Esse sempre simpático australiano, que não se deixou contaminar pela obrigação de ser sisudo da F1, pode não ter o supertalento de Max, mas é também um grande piloto, veloz e regular, não tem altos e baixos. É por essa razão que seu nome já começa a circular no paddock como sério candidato a ocupar a vaga de Raikkonen na Ferrari em 2018. Isso se Vettel, o líder do grupo, concordar. Levando em consideração que o alemão perdeu feio a disputa com Ricciardo na RBR, em 2014, o primeiro da era híbrida, é pouco provável que Vettel concorde.
O GloboEsporte.com também fez perguntas a Bottas, a exemplo de se estava ansioso, na 12ª volta, quando o primeiro safety car foi acionado, para a retirada da STR de Daniil Kvyat. O finlandês estava uma volta atrás de todos. Nesses casos, depois de a pista ser limpa, a direção de prova autoriza os retardatários, com uma volta a menos, ultrapassar o safety car para entrar na mesma volta de todos.
Safety cars salvadores da pátria
“Sim, eu cobrei bastante a equipe nessa hora. A autorização não vinha. E quando não havia obstáculos mais na pista e pude ultrapassar já era tarde, não consegui chegar no pelotão da corrida”, disse Bottas. Atrasado, mas pelo menos já estava na mesma volta de todos.
“O que me ajudou de fato a crescer na classificação e chegar no pódio foi o segundo safety car. Com ele, eu encostei nos que estavam na prova bem na minha frente. Agora cada ultrapassagem que fazia valia muito, valia posição”, contou ao GloboEsporte.com. Como Ricciardo, foi sendo favorecido pelo abandono ou problema dos concorrentes na sua frente mas, ao mesmo tempo, ia passando quem aparecesse.
A 14 voltas da bandeirada, na 37ª volta, o piloto da Mercedes já era o quinto, atrás de Ricciardo, líder, Lance Stroll, Williams, segundo, e Ocon, terceiro, e Magnussen, quarto. Bottas ultrapassa o dinamarquês, nessa volta, e fica em quarto, ganha também a posição de Ocon, na seguinte, e já está no pódio, terceiro.
Entre ele e Stroll a 14 voltas da bandeirada havia 14s501 de diferença. O ritmo do finlandês foi de tirar o fôlego, se aproximando na média de um segundo por volta do adversário. A projeção indicava que entraria na última reta podendo usar o DRS para tentar a ultrapassagem no canadense, por estar a um segundo ou menos dele, e receber a bandeirada em segundo.

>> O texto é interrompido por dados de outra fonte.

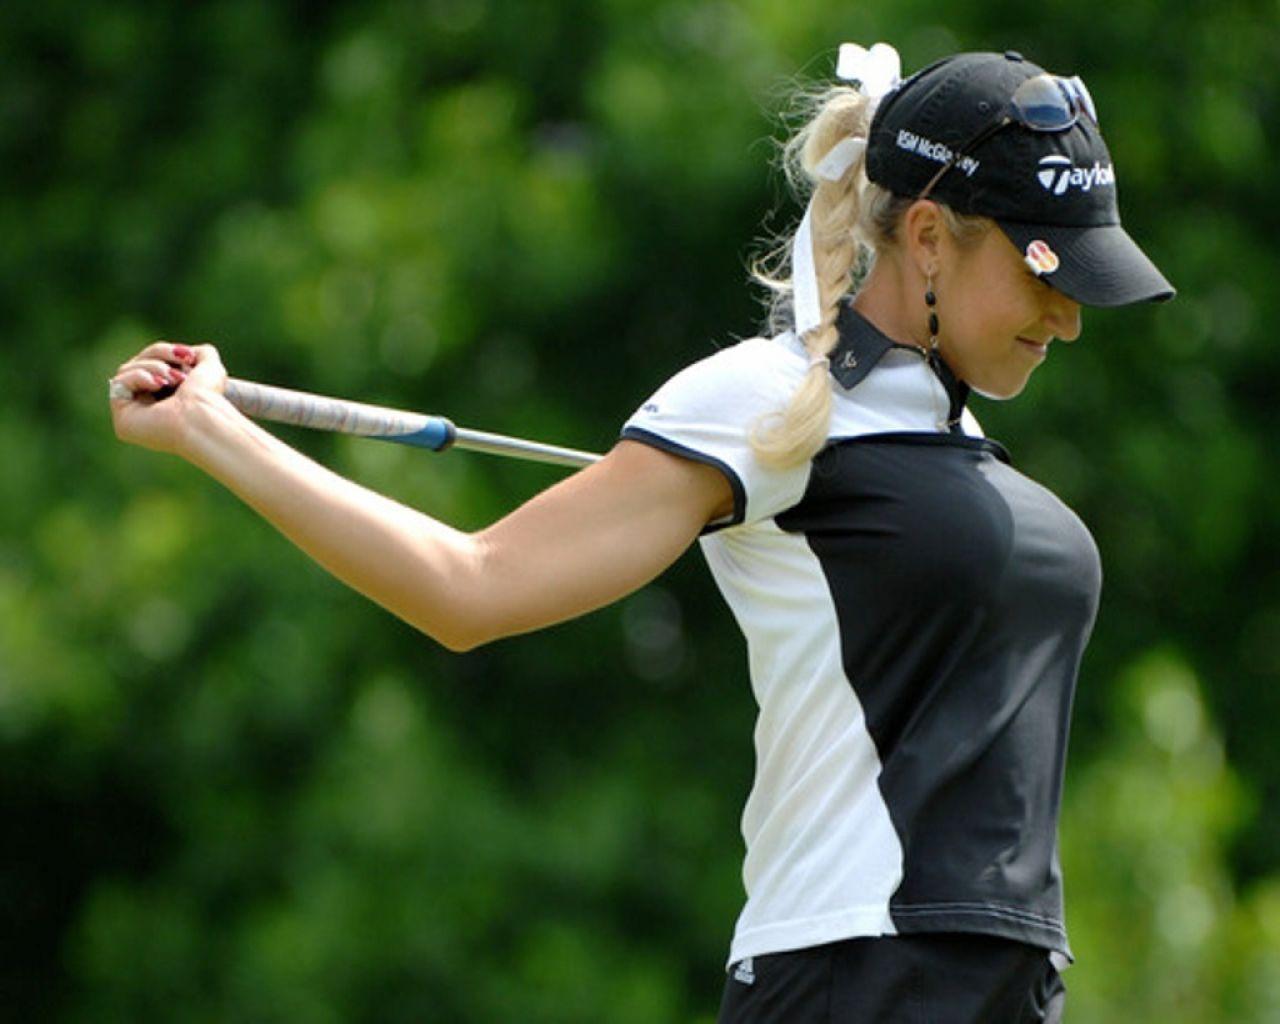 titties Female Golfers, Female Athletes, Women Athletes, Natalie Gulbis,  Funny Golf,

Pois na última volta Bottas estabelece a sua melhor na prova, terceira no geral, 1min43s925, e de fato pega o vácuo da Williams FW40-Mercedes de Stroll. Como são 2.200 metros de aceleração plena, da realidade um pouco menos, por a linha de chegada ser antes da freada para a curva 1, Bottas alinhou sua Mercedes W08 Hybrid com a traseira da Williams e a poucos metros da linha da bandeirada, mais rápido, ajudado pelo vácuo, desviou para a direita para ultrapassar e cruzar 105 milésimos na frente do agora promissor Stroll.
O finlandês dá detalhes da empreitada, sobre como atropelou nas 14 voltas finais. “Quando eu recebei a mensagem de que Lewis teve de parar para fixar o protetor de cabeça, a informação que ficou comigo era de que o problema atingira Sebastian e não Lewis. Por isso me surpreendi ao saber que Lewis estava atrás de mim. A equipe me passou a diferença para Lance, depois de eu passar Ocon, e se fizesse tudo absolutamente certo o segundo lugar era algo possível”, disse. Seu talento, não do tipo que aparece muito, o levou a essa grande conquista.

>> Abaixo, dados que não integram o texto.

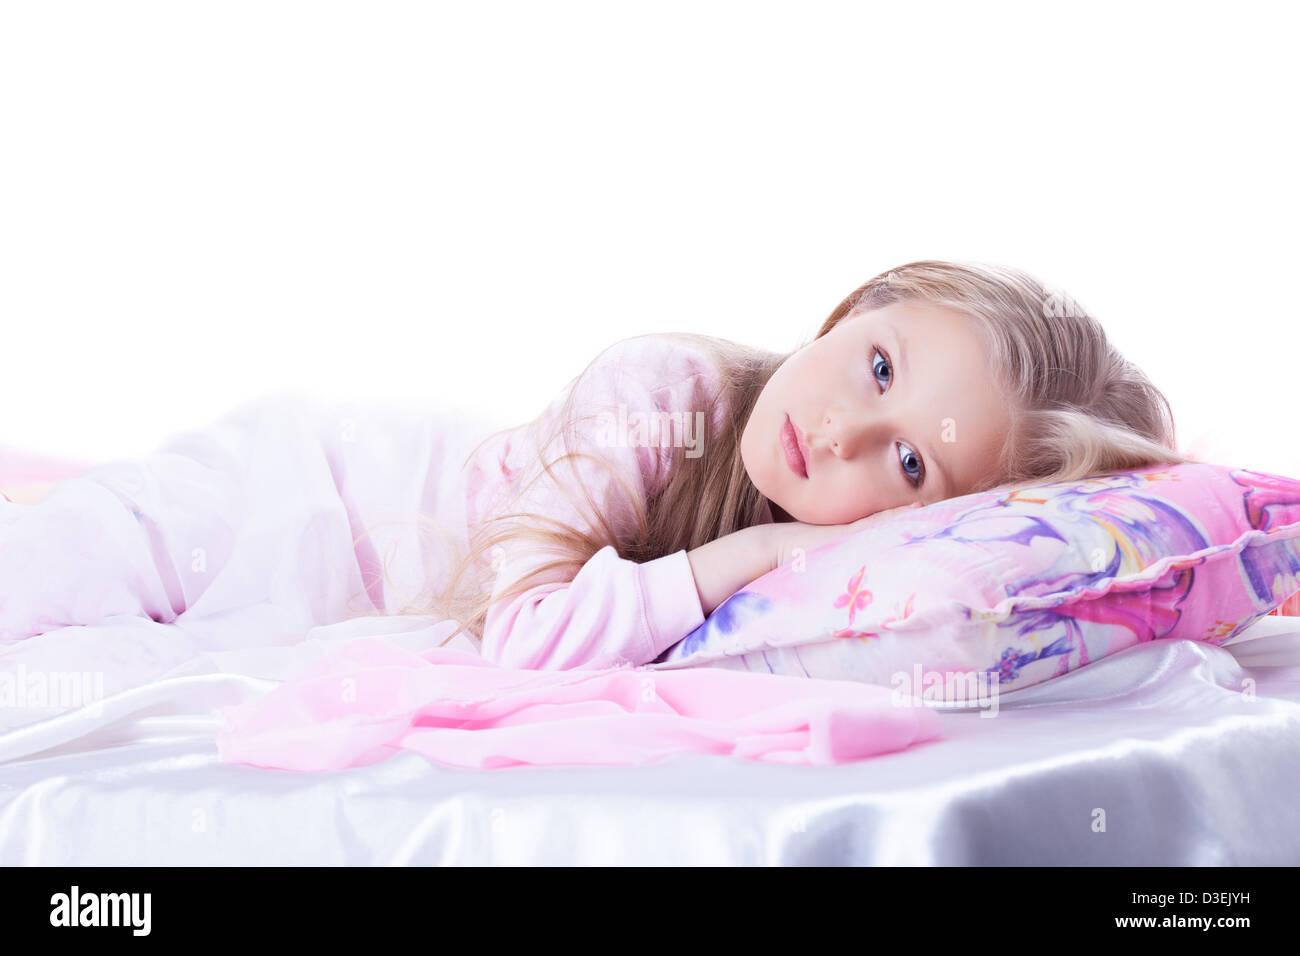 Little girl lying on bed - Stock Image

Ricciardo e Bottas vão para a pista, agora, com os demais 18 pilotos da F1, no primeiro treino livre do GP da Áustria, dia 7, em Spielberg. Quantas fichas Ricciardo e Bottas vão apostar em si próprios desta vez? Será que os ensinamentos de Baku os educou de alguma forma? Bottas falou sobre isso: “A experiência de hoje mostrou que nunca devemos desistir, nunca sabemos o que vai acontecer numa corrida. O que temos sempre de fazer é manter a cabeça baixa e seguir o tempo todo dando tudo de si”.